I have a table with 18,310,298 records right now. 我现在有一张18,310,298条记录的表格。

And next query 和下一个查询

SELECT COUNT(obj_id) AS cnt
FROM
`common`.`logs`
WHERE 
`event` = '11' AND
`obj_type` = '2' AND
`region` = 'us' AND 
DATE(`date`) = DATE('20120213010502');

With next structure 有了下一个结构

CREATE TABLE `logs` (
  `log_id` int(11) NOT NULL AUTO_INCREMENT,
  `event` tinyint(4) NOT NULL,
  `obj_type` tinyint(1) NOT NULL DEFAULT '0',
  `obj_id` int(11) unsigned NOT NULL DEFAULT '0',
  `region` varchar(3) NOT NULL DEFAULT '',
  `date` datetime NOT NULL DEFAULT '0000-00-00 00:00:00',
  PRIMARY KEY (`log_id`),
  KEY `event` (`event`),
  KEY `obj_type` (`obj_type`),
  KEY `region` (`region`),
  KEY `for_stat` (`event`,`obj_type`,`obj_id`,`region`,`date`)
) ENGINE=InnoDB AUTO_INCREMENT=83126347 DEFAULT CHARSET=utf8 COMMENT='Logs table' |

and MySQL explain show the next 和MySQL解释显示下一个

+----+-------------+-------+------+--------------------------------+----------+---------+-------------+--------+----------+--------------------------+
| id | select_type | table | type | possible_keys                  | key      | key_len | ref         | rows   | filtered | Extra                    |
+----+-------------+-------+------+--------------------------------+----------+---------+-------------+--------+----------+--------------------------+
|  1 | SIMPLE      | logs  | ref  | event,obj_type,region,for_stat | for_stat | 2       | const,const | 837216 |   100.00 | Using where; Using index |
+----+-------------+-------+------+--------------------------------+----------+---------+-------------+--------+----------+--------------------------+
1 row in set, 1 warning (0.00 sec)

Running such query in daily peak usage time take about 5 seconds. 在每日高峰使用时间运行此类查询大约需要5秒钟。

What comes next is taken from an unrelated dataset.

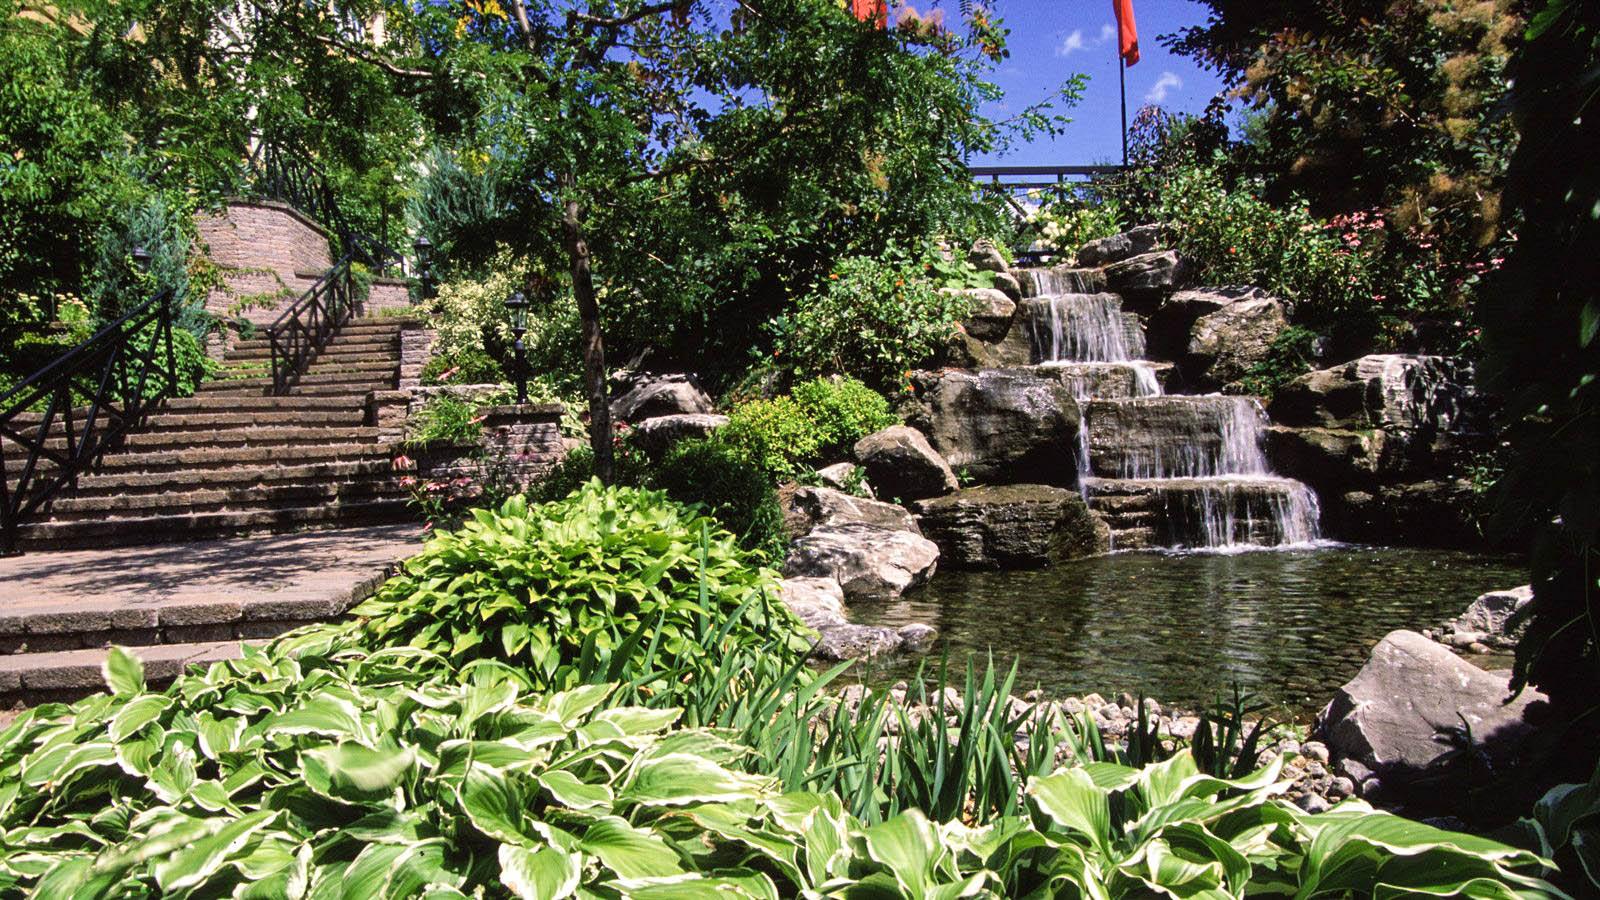 Comment Faire Son Jardin D'eau : Trucs Et Astuces Pour ... à Comment Faire Son Jardin Paysager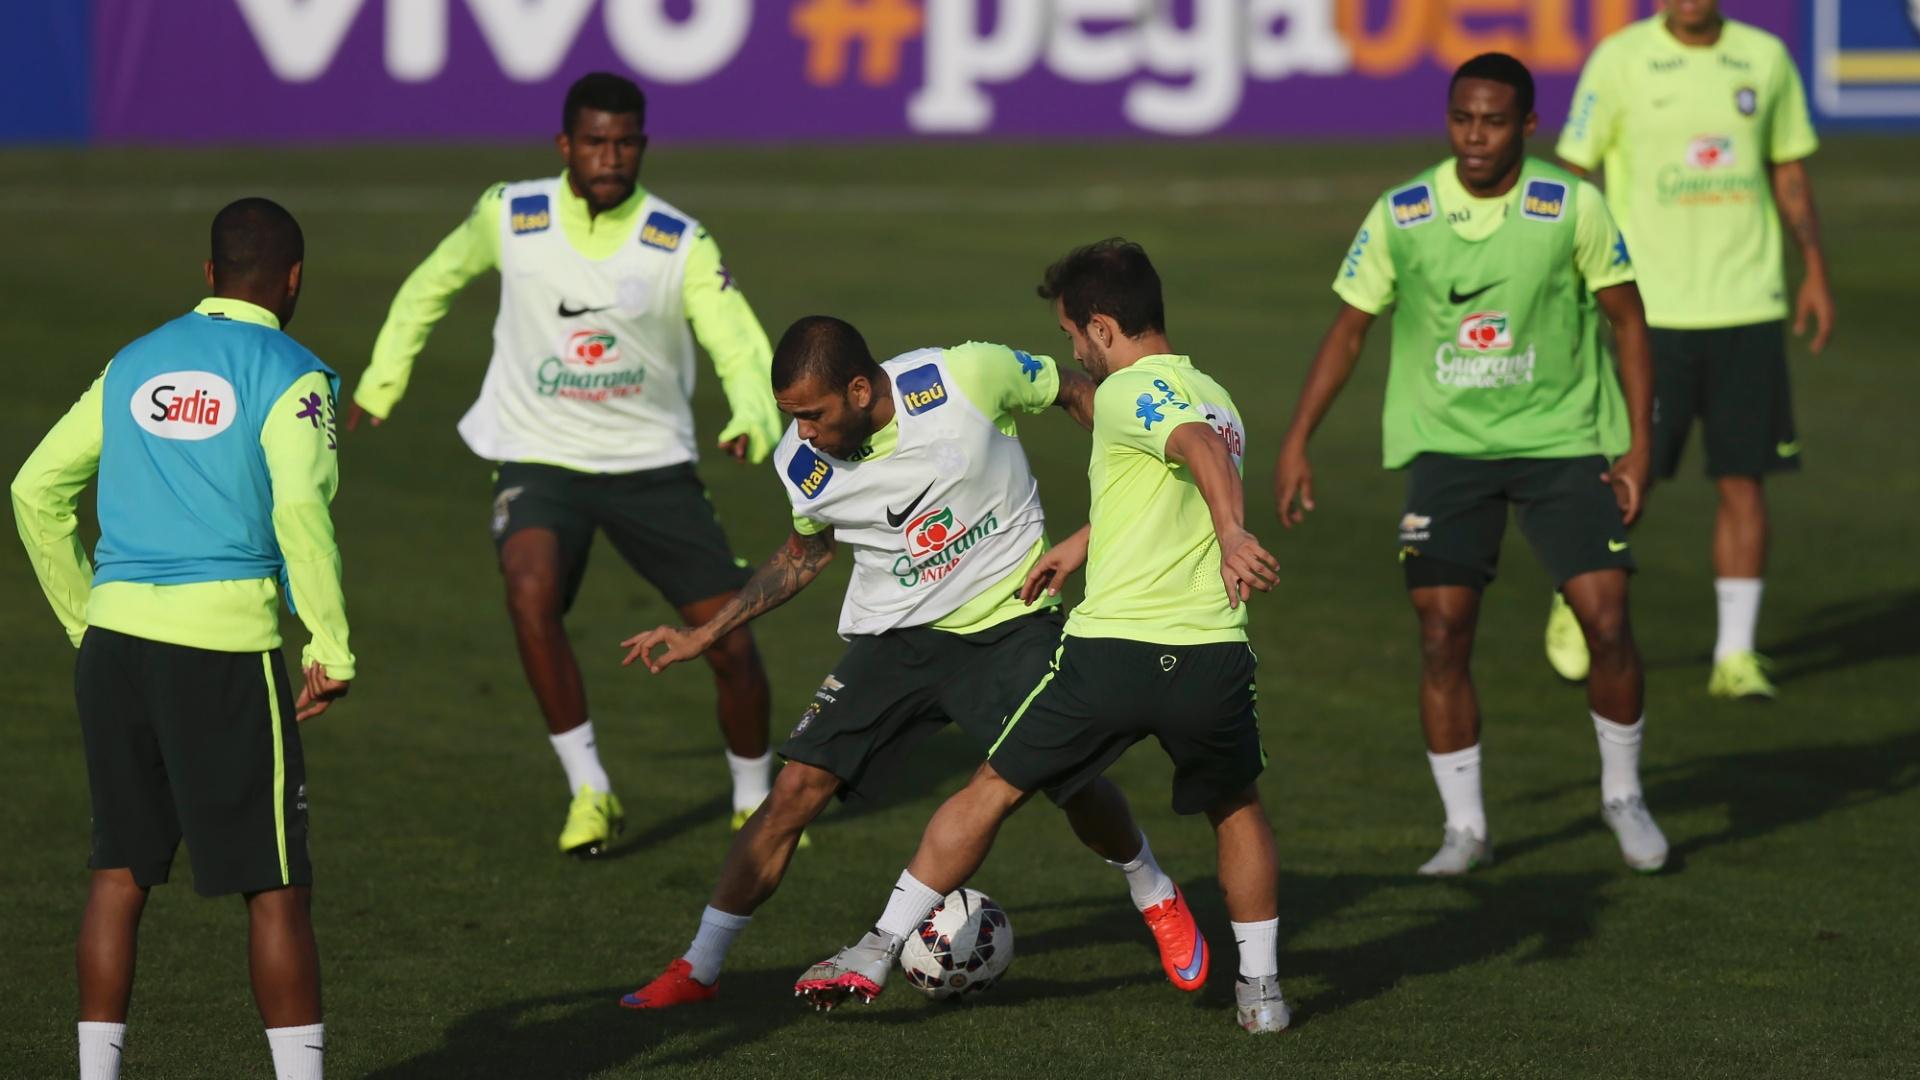 Daniel Alves e Everton Ribeiro, da seleção brasileira, disputam bola em treino na Copa América, no Chile

What can I do to make it faster ? 我该怎么做才能让它更快?

UPDATED: Regarding all comments I modified INDEX and take off DATE function in WHERE clause 更新:关于所有注释我修改了INDEX并取消了WHERE子句中的DATE函数

+-------+------------+----------+--------------+-------------+-----------+-------------+----------+--------+------+------------+---------+
| Table | Non_unique | Key_name | Seq_in_index | Column_name | Collation | Cardinality | Sub_part | Packed | Null | Index_type | Comment |
+-------+------------+----------+--------------+-------------+-----------+-------------+----------+--------+------+------------+---------+
| logs  |          0 | PRIMARY  |            1 | log_id      | A         |    15379109 |     NULL | NULL   |      | BTREE      |         |
| logs  |          1 | event    |            1 | event       | A         |          14 |     NULL | NULL   |      | BTREE      |         |
| logs  |          1 | obj_type |            1 | obj_type    | A         |          14 |     NULL | NULL   |      | BTREE      |         |
| logs  |          1 | region   |            1 | region      | A         |          14 |     NULL | NULL   |      | BTREE      |         |
| logs  |          1 | for_stat |            1 | event       | A         |         157 |     NULL | NULL   |      | BTREE      |         |
| logs  |          1 | for_stat |            2 | obj_type    | A         |         157 |     NULL | NULL   |      | BTREE      |         |
| logs  |          1 | for_stat |            3 | region      | A         |         157 |     NULL | NULL   |      | BTREE      |         |
| logs  |          1 | for_stat |            4 | date        | A         |         157 |     NULL | NULL   |      | BTREE      |         |
+-------+------------+----------+--------------+-------------+-----------+-------------+----------+--------+------+------------+---------+


    mysql> explain extended SELECT COUNT(obj_id) as cnt 
    ->     FROM `common`.`logs` 
    ->     WHERE `event`= '11' AND 
    ->     `obj_type` = '2' AND 
    ->     `region`= 'est' AND 
    ->     date between '2012-11-25 00:00:00' and '2012-11-25 23:59:59';
+----+-------------+-------+-------+--------------------------------+----------+---------+------+------+----------+-------------+
| id | select_type | table | type  | possible_keys                  | key      | key_len | ref  | rows | filtered | Extra       |
+----+-------------+-------+-------+--------------------------------+----------+---------+------+------+----------+-------------+
|  1 | SIMPLE      | logs  | range | event,obj_type,region,for_stat | for_stat | 21      | NULL | 9674 |    75.01 | Using where |
+----+-------------+-------+-------+--------------------------------+----------+---------+------+------+----------+-------------+

It seems it's running faster. 它似乎运行得更快。 Thanks everyone. 感谢大家。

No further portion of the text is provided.